(Instructions for the task)
Please restate the data that follows word for word, with the pictures left out.

(Data provided)
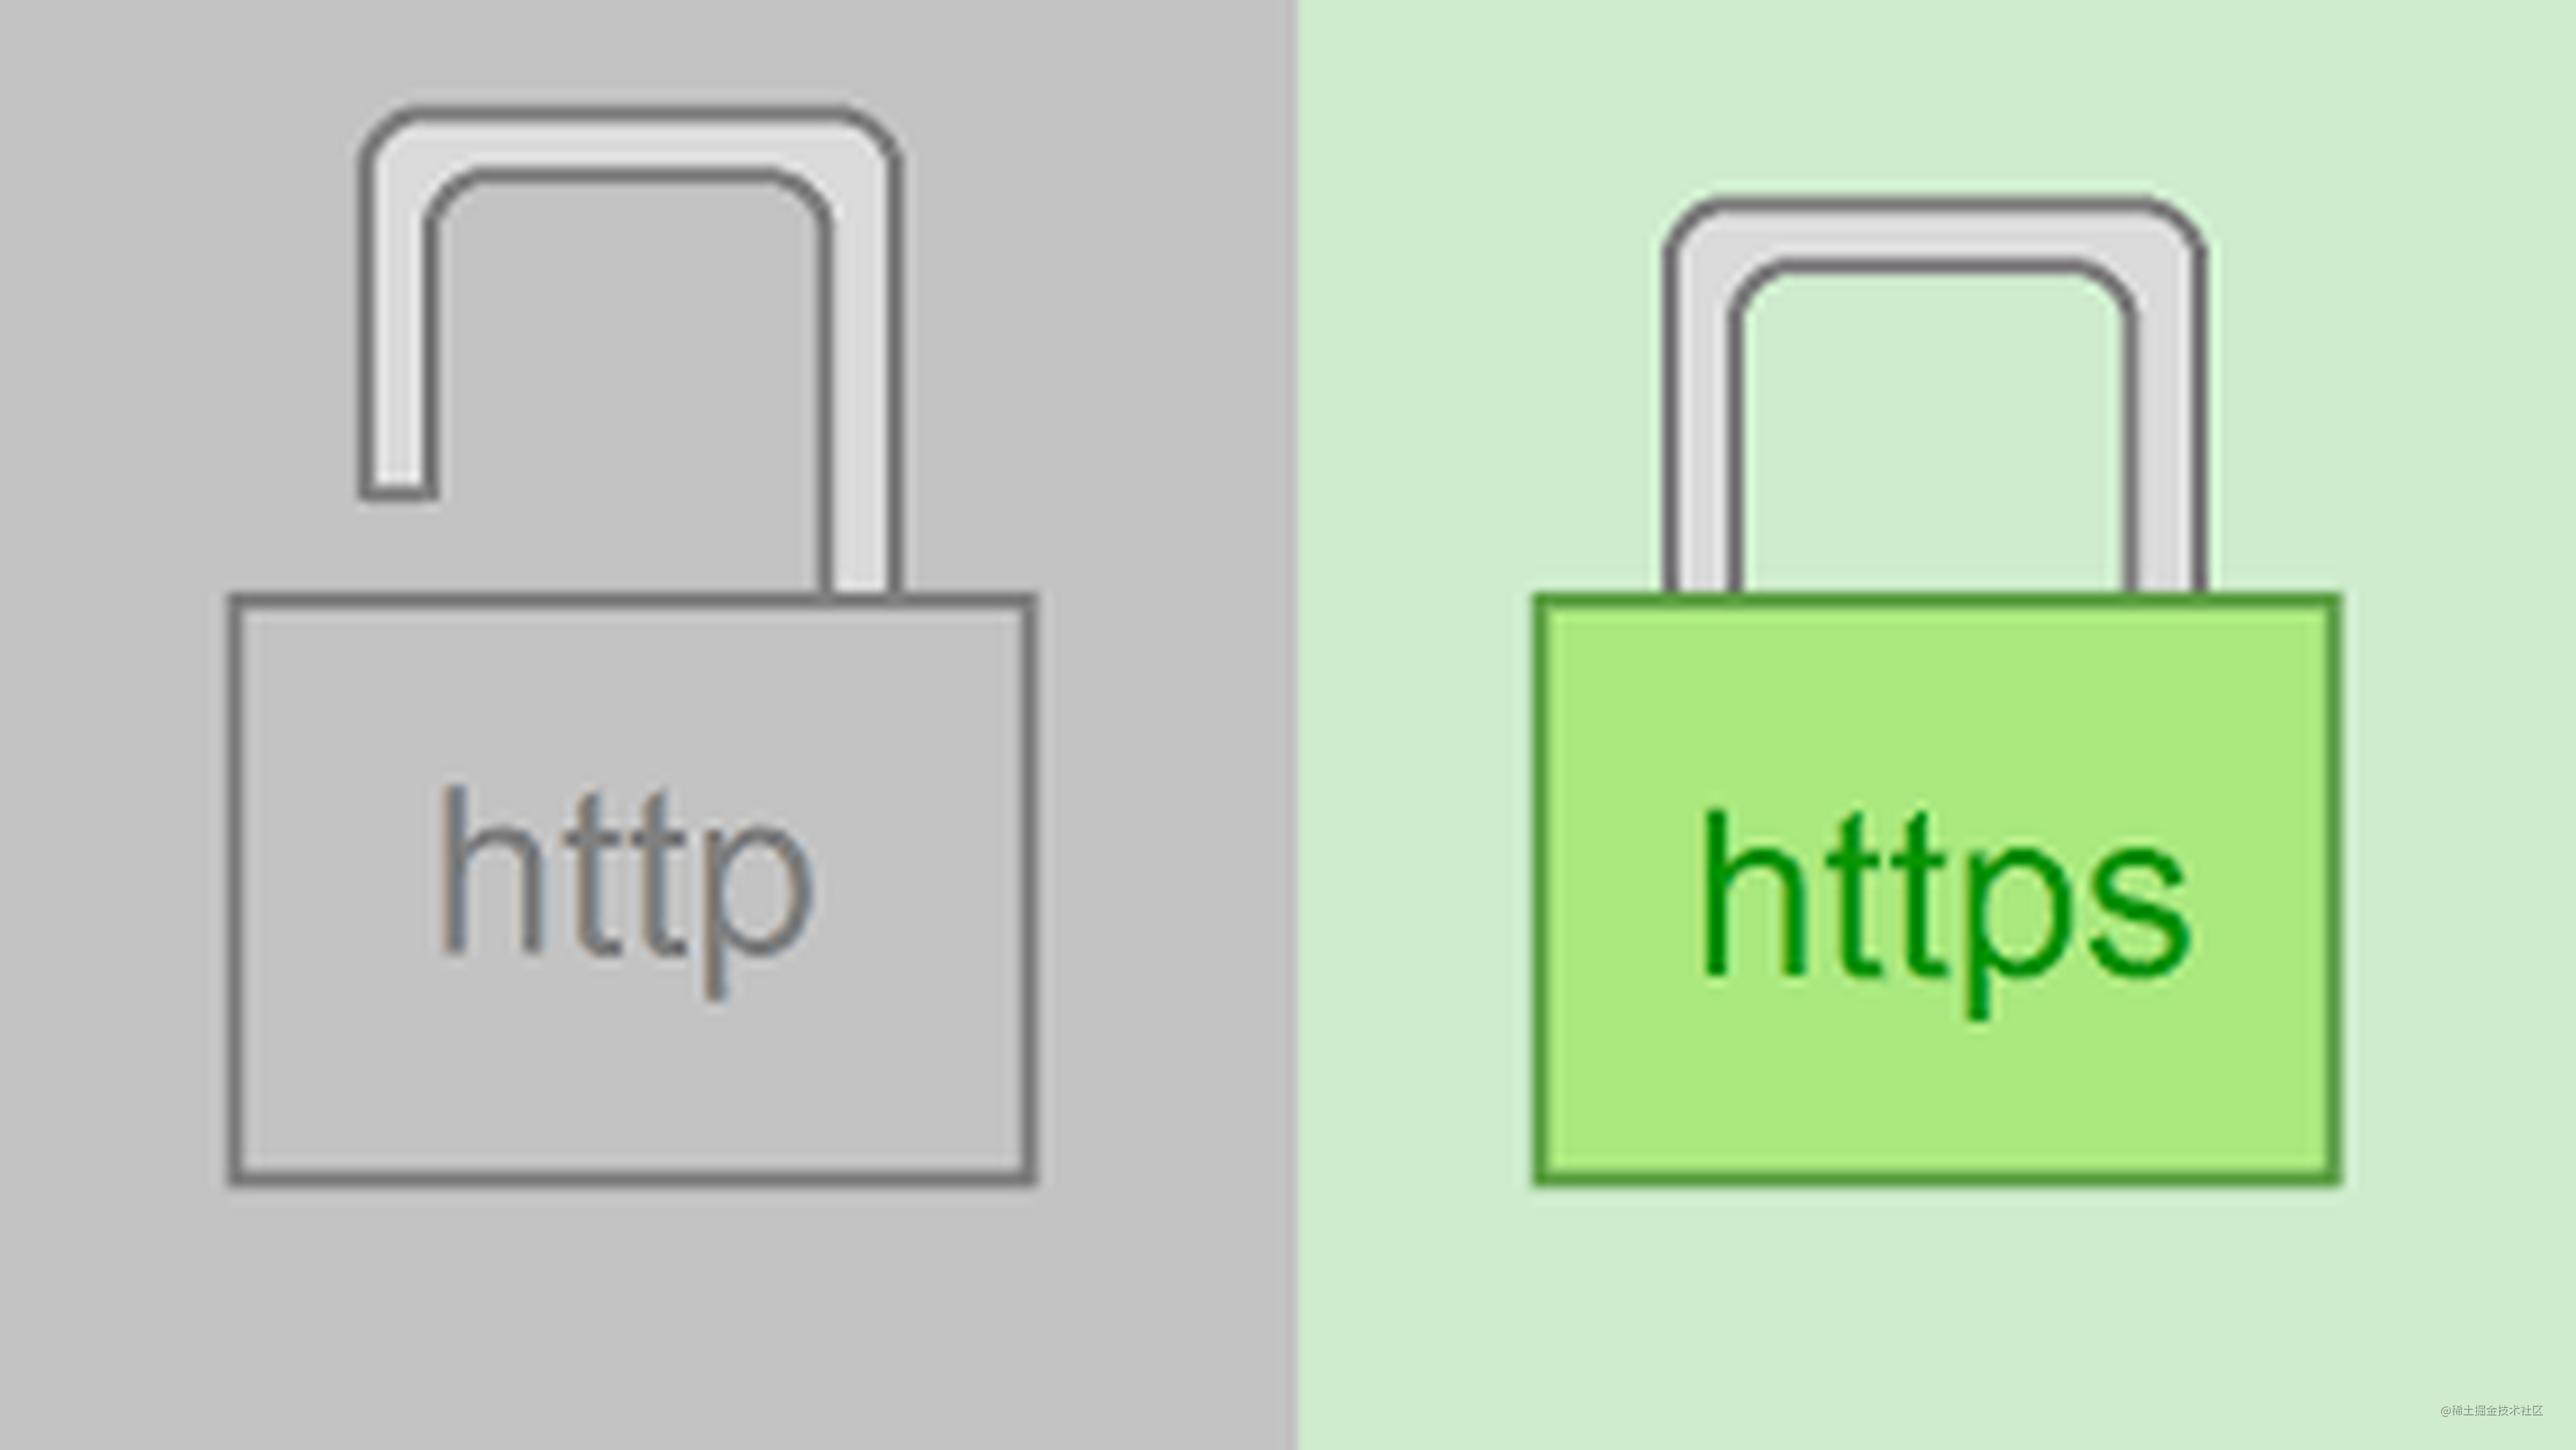 详细解析 HTTP 与 HTTPS 的区别
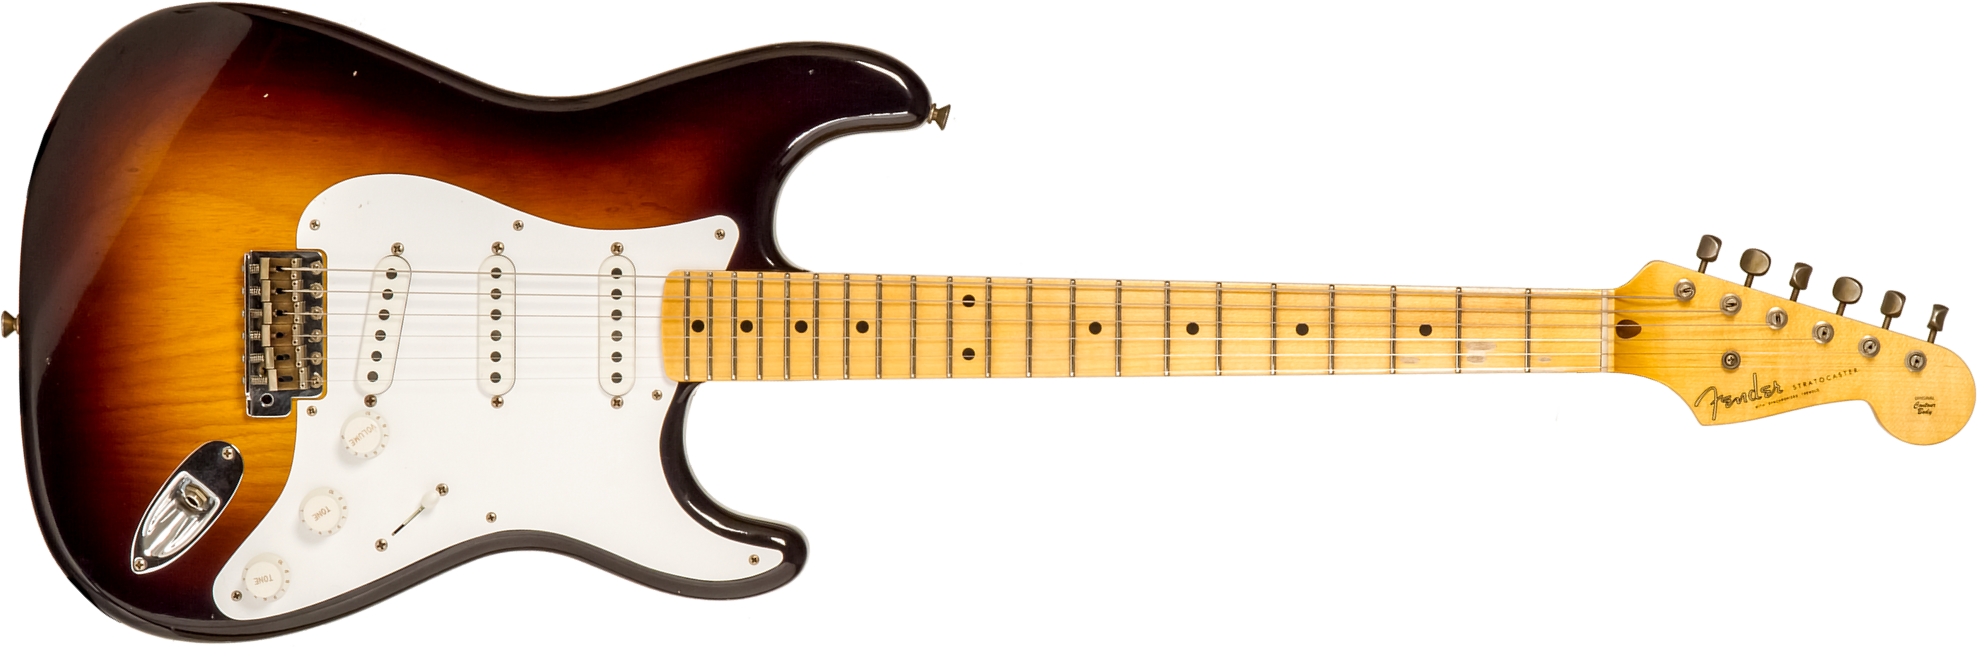 Fender Custom Shop Strat 1954 70th Anniv. 3s Trem Mn #xn4193 - Journeyman Relic Wide-fade 2-color Sunburst - Guitare Électrique Forme Str - Main pictu
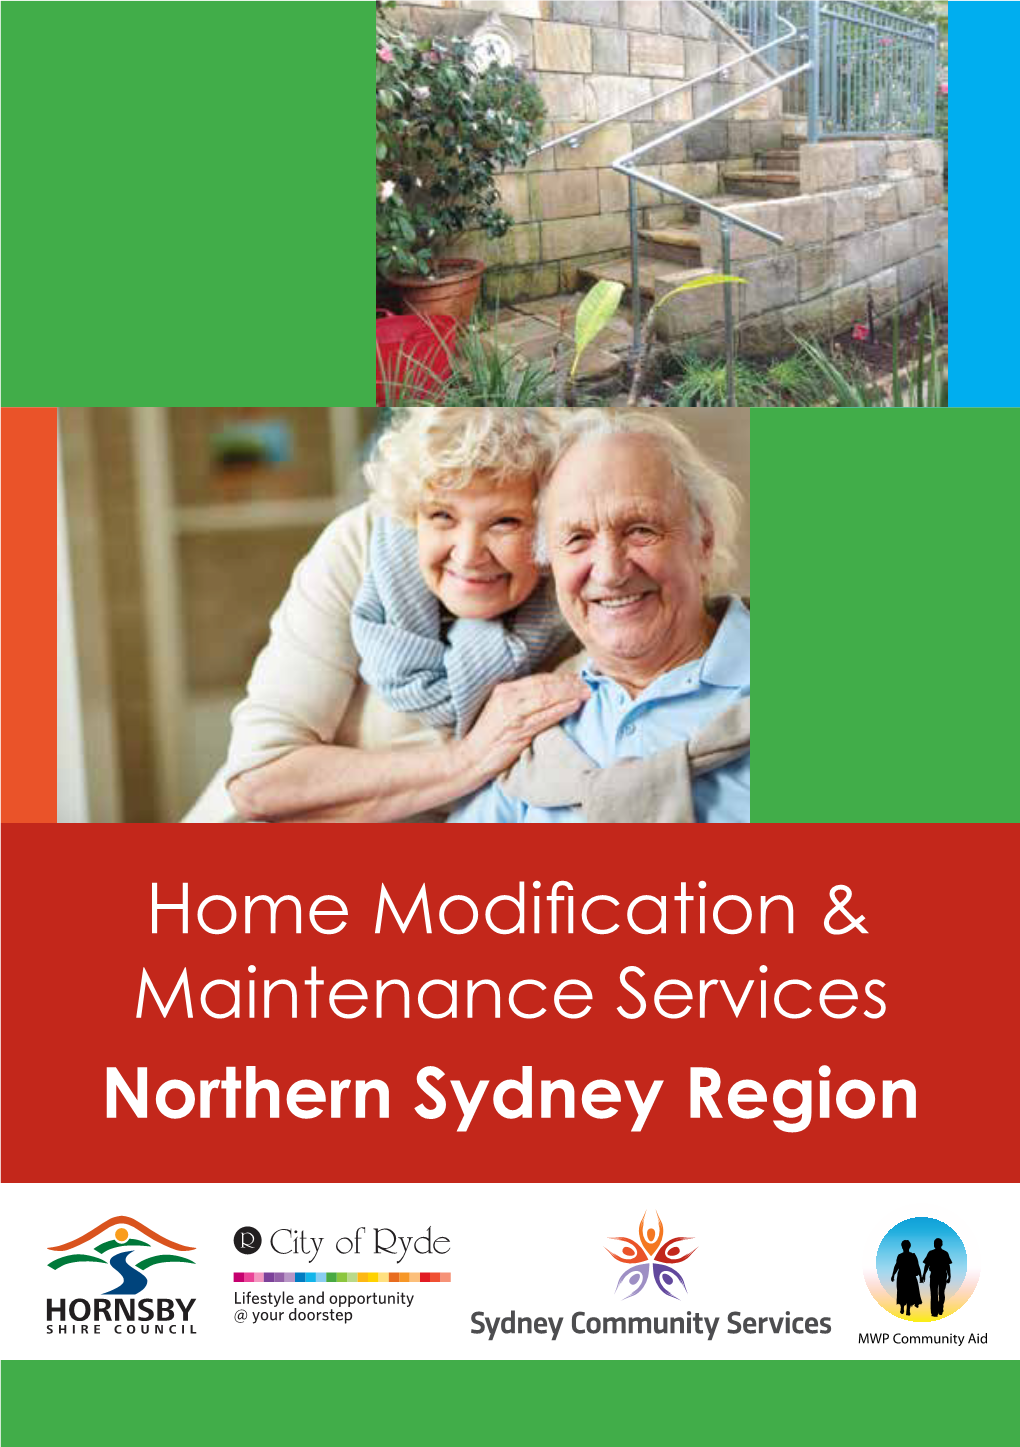 Northern Sydney Region Maintenance Services

(Solution)
 详细解析 HTTP 与 HTTPS 的区别
 Fender Custom Shop Strat 1954 70th Anniv. 3s Trem Mn #xn4193 - Journeyman Relic Wide-fade 2-color Sunburst - Guitare Électrique Forme Str - Main pictu
 Northern Sydney Region Maintenance Services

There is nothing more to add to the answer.